Last year's conference brought together a range of folks from radical social centers, infoshops, libraries, student resource centers, co-ops and artist-run spaces to talk about common struggles and share skills.

“Originally, the idea was that the summit would be co-hosted by a few spaces from different cities and after the first year the summit would move to a different city as the host place. That is still the ultimate goal!” said Summit organizer Carla Bergman.

Included in last year's Summit was a panel discussion by VMC, with folks from Redwire native youth magazine, the Anti-Poverty Committee and the 12th and Clark infoshop on the impact of losing radical social space.

“I think it's important to name physical spaces as a spot for where a lot of these oppressions and power structures are organized around,” said attendee Andrea Marcos, who is headed to the Summit again this year. “It's necessary to be critical about what folks are doing with land, social spaces, with the commons: how it fits into forces and structures we're are actively against, and how it fits into and supports the visioning and enacting of lives and relationships we are wanting, proposing, and doing!”

Held in a number of spaces around the city, the Summit is bringing together groups such as the Purple Thistle youth centre, the Emma Goldman Finishing School, Spartacus Books, QTPOC Seattle, Camas Books, Gallery Gachet, Tomcat Bikes, APIRG, Community Yoga Vancouver, Vancouver Collective Houses and University of Victoria Women's Centre.

“The Summit put my feelings into words: we are on stolen native land, and I am personally benefitting from this still, and I don't want to anymore, nor do i want to contribute to it,” said youth Summit organizer Kelsey Corbett. “The Social Spaces Summit not only put these feelings I've had for a long time into words, but the shared experiences of like-minded folks open to the discomfort of changing these systems of oppression inspired courage, provided tools, and community support which made this change feel possible.”

With 'decolonization and space' as one of the three central themes of the upcoming Summit, there is plenty of room for this sort of reflection and organizing.

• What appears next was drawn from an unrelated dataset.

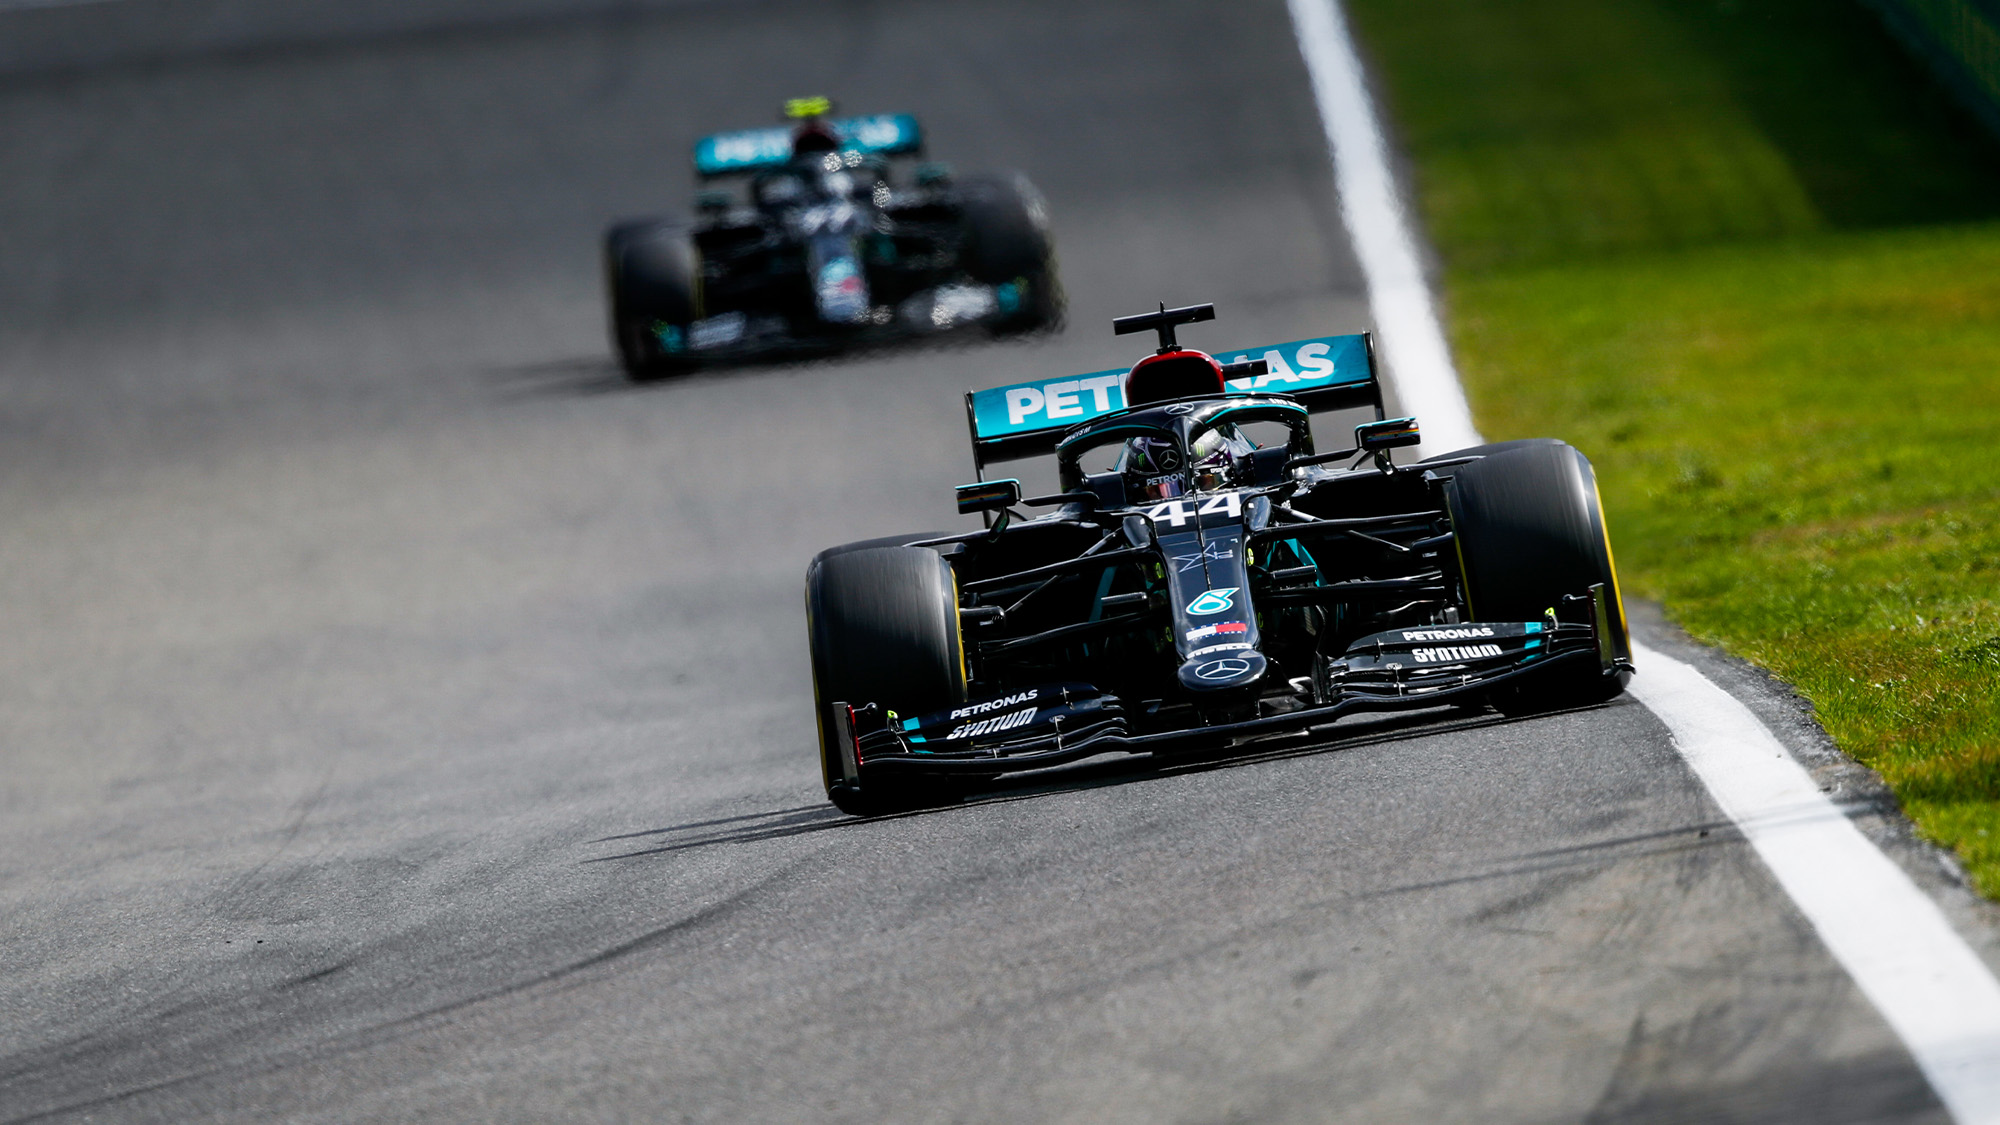 Lewis Hamilton ahead of Valtteri Bottas at Spa Francorchamps during the 2020 F1 Belgian Grand prix

“One of the problems we face in radical left movements is that settlers, and especially white middle class people, are soooo frickin' mobile,” said long-term Seattle collective house organizer and social justice educator Tamara Myers, who is heading to the Summit for a second time, and who is looking to challenge key ideas around social spaces. “Having stable spaces seems like one way to keep people more rooted in place. And yet, consolidating more land in the hands of white or monied people doesn't seem satisfactory either. So what to do? This is the kind of stuff I want to grapple with and feel like I can at the Summit.”